GROUP BY dateConfigure Cassandra driver settings to limit result set sizes and implement timeout controls:
// Java driver configuration
SocketOptions socketOptions = new SocketOptions()
.setReadTimeoutMillis(10000);
PoolingOptions poolingOptions = new PoolingOptions()
.setMaxConnectionsPerHost(HostDistance.LOCAL, 5);
Cluster cluster = Cluster.builder()
.addContactPoint(host)
.withSocketOptions(socketOptions)
.withPoolingOptions(poolingOptions)
.build();Use Cassandra's built-in auditing and tracing features to monitor data access patterns. Enable query tracing for suspicious patterns and review audit logs regularly:
// Enable tracing for specific queries
TRACING ON;
SELECT * FROM users WHERE user_id = ?;
TRACING OFF;Implement role-based access control (RBAC) at the Cassandra level, ensuring users only have access to necessary tables and columns:
// Create limited-access role
CREATE ROLE api_user WITH PASSWORD 'password';
GRANT SELECT ON keyspace.users TO api_user;
REVOKE SELECT ON keyspace.users FROM api_user;For applications using Cassandra with microservices, implement API gateways that enforce data exposure policies before queries reach the database. This adds a security layer that validates query parameters and enforces data minimization policies.

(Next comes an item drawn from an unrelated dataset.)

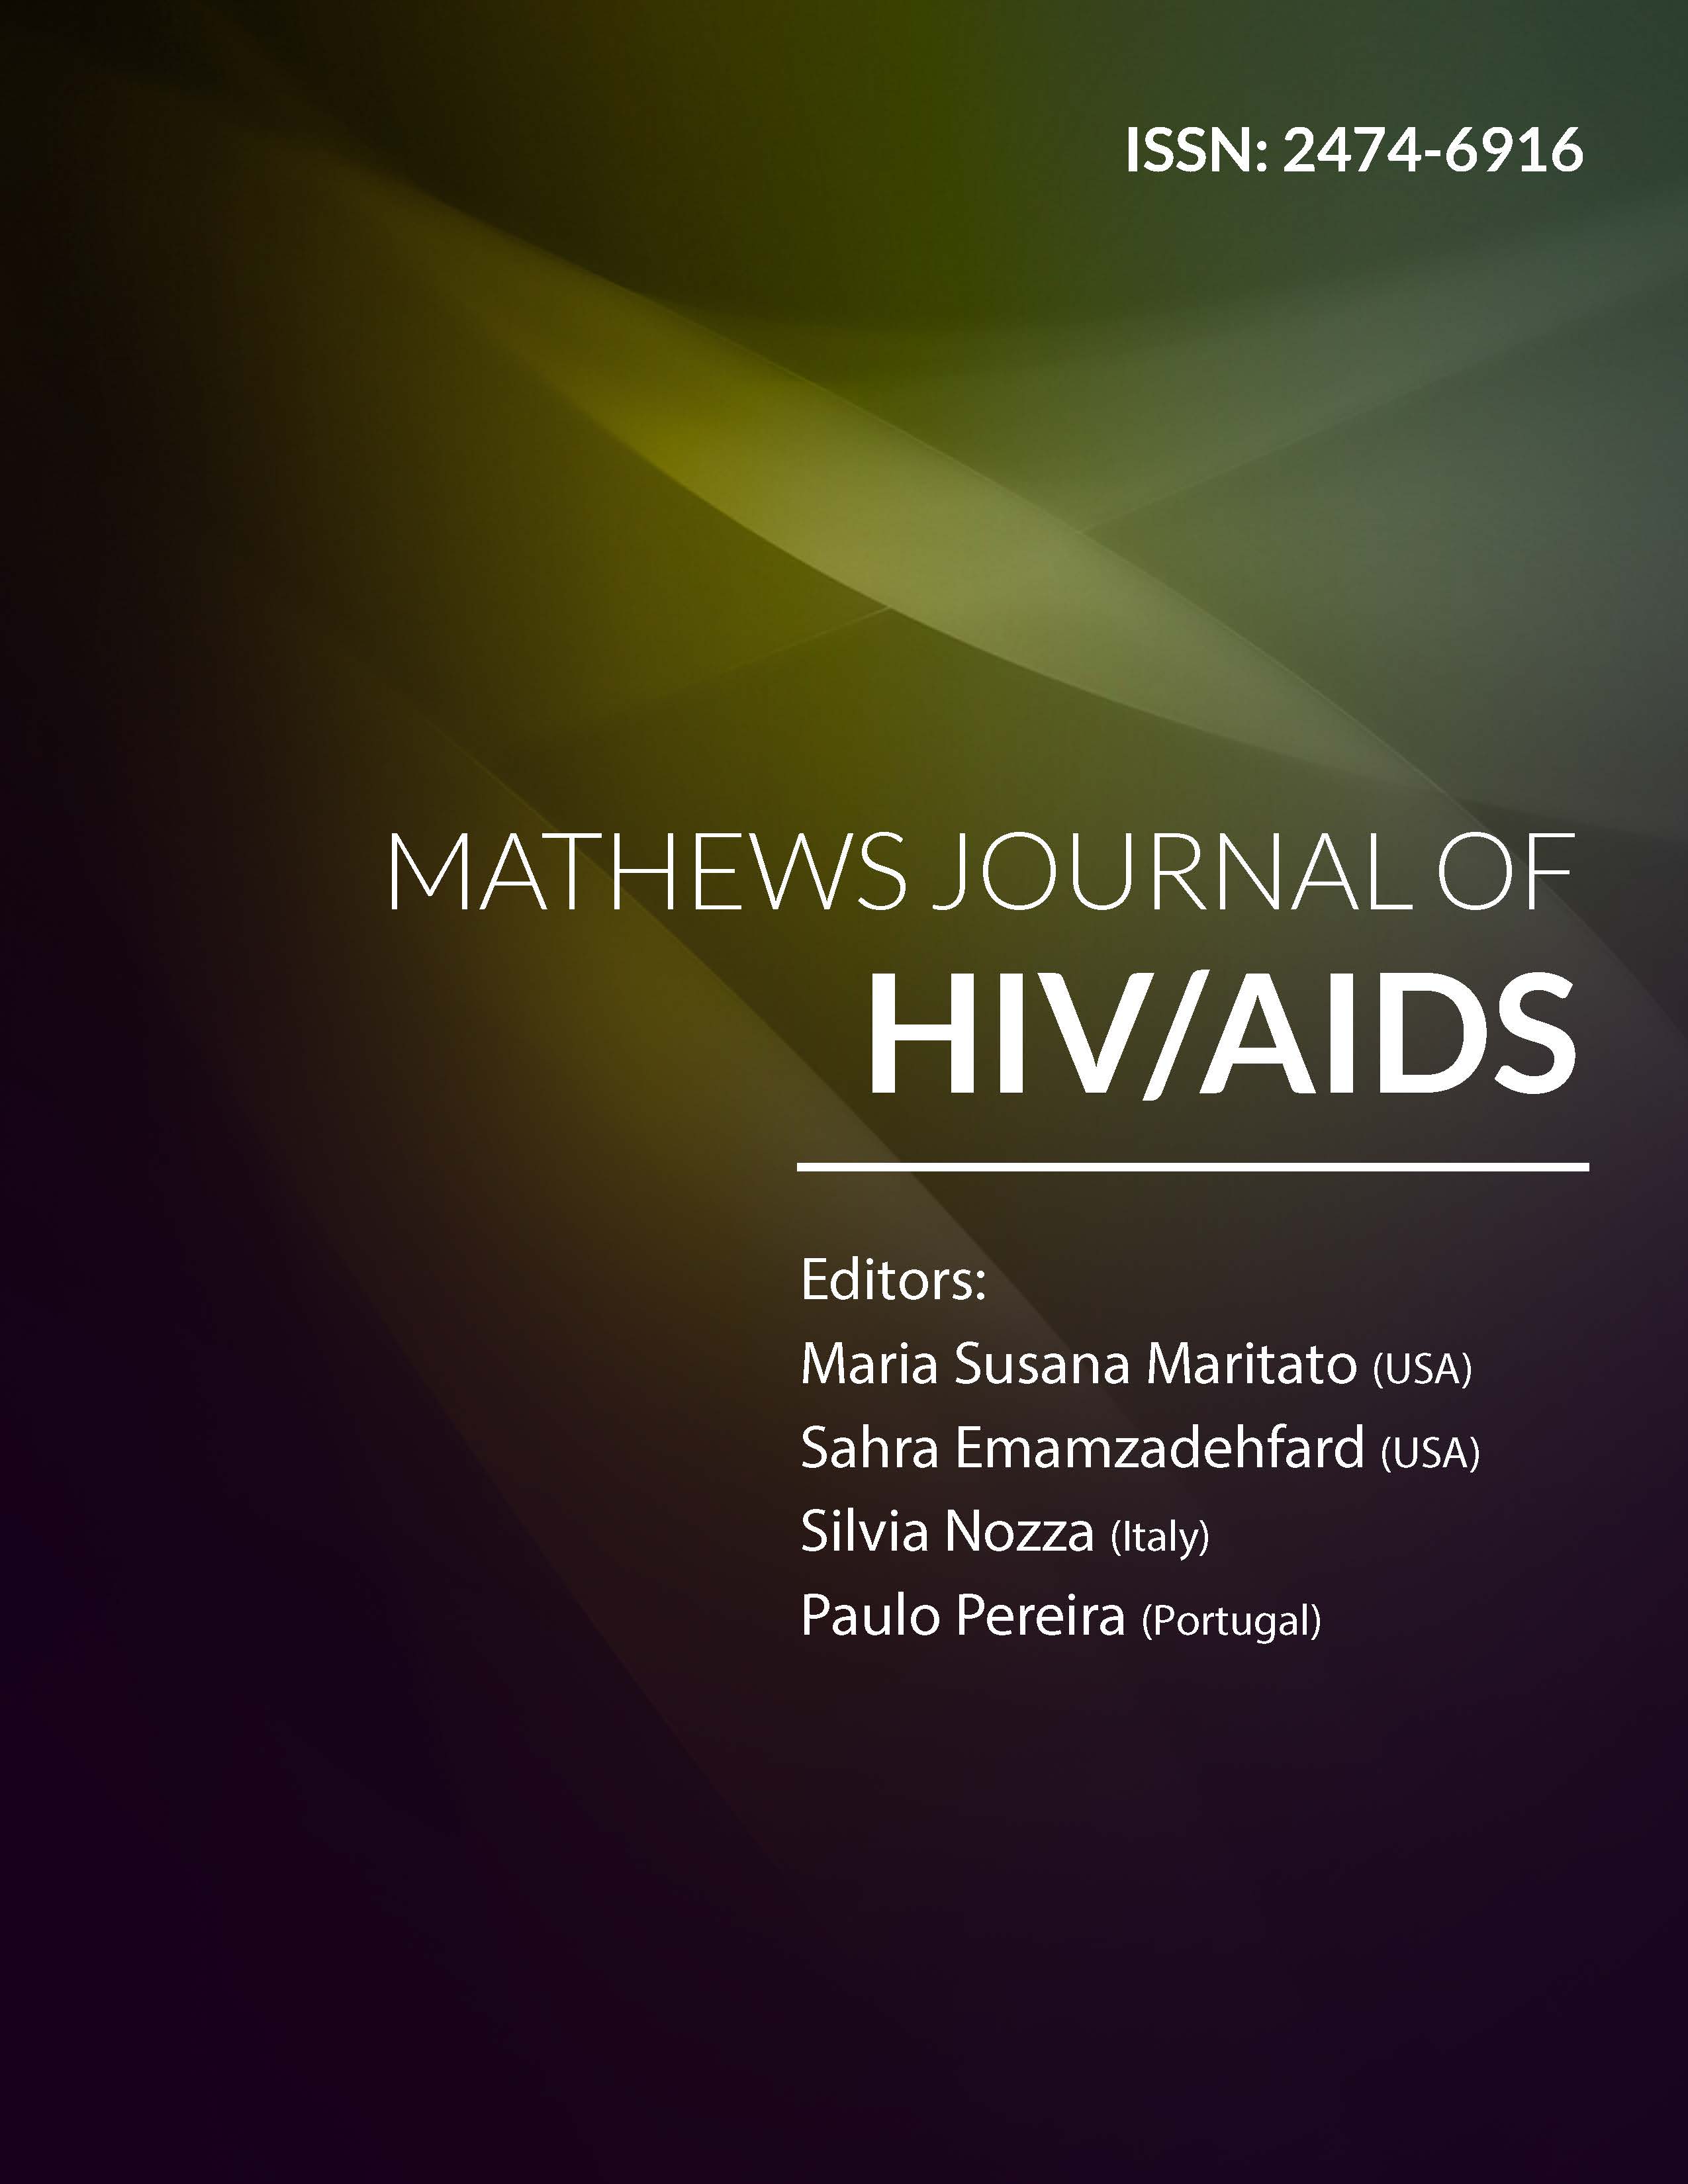 Mathews Journal of HIV/AIDS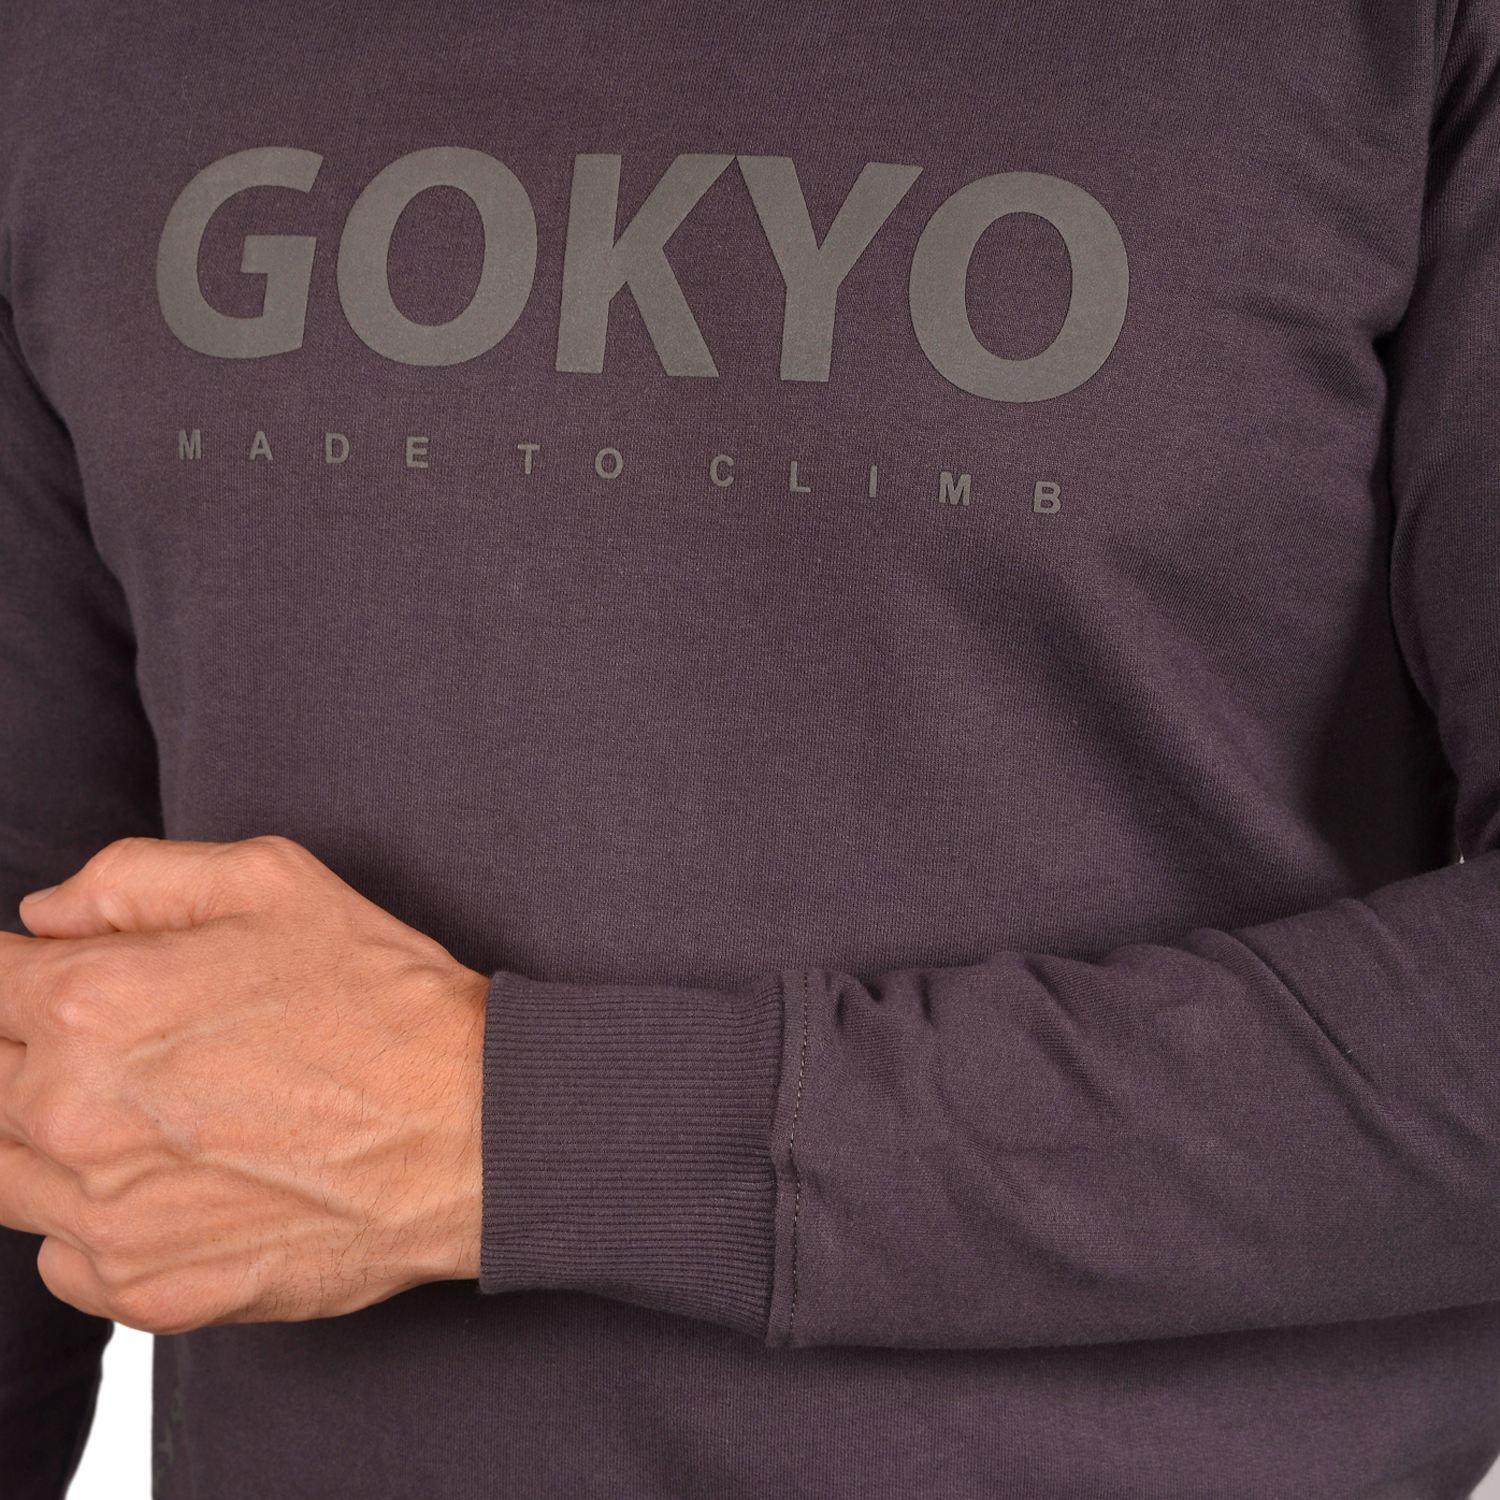 Buy Gokyo Kaza Sweatshirt | Trekking & Hiking T-shirts at Gokyo Outdoor Clothing & Gear

Related CWEs: propertyAuthorization
| CWE ID | Name | Severity |
|---|---|---|
| CWE-915 | Mass Assignment | HIGH |
Frequently Asked Questions
How does Cassandra's wide-row architecture contribute to excessive data exposure?
Cassandra's wide-row architecture stores multiple columns in a single partition, making it easy to accidentally retrieve large amounts of data with a single query. When applications use SELECT * on wide rows, they can retrieve megabytes of data even when only kilobytes are needed. This is particularly problematic for tables with user-defined types (UDTs) or collections that can contain nested data structures.
Can middleBrick scan Cassandra queries in compiled applications?
Yes, middleBrick can analyze compiled applications by examining bytecode, JAR files, and compiled binaries. The scanner uses pattern matching to identify Cassandra driver calls and CQL query strings embedded in the compiled code. For Java applications, it analyzes bytecode to find prepared statement patterns, while for Python applications, it examines bytecode or decompiled source to identify query patterns.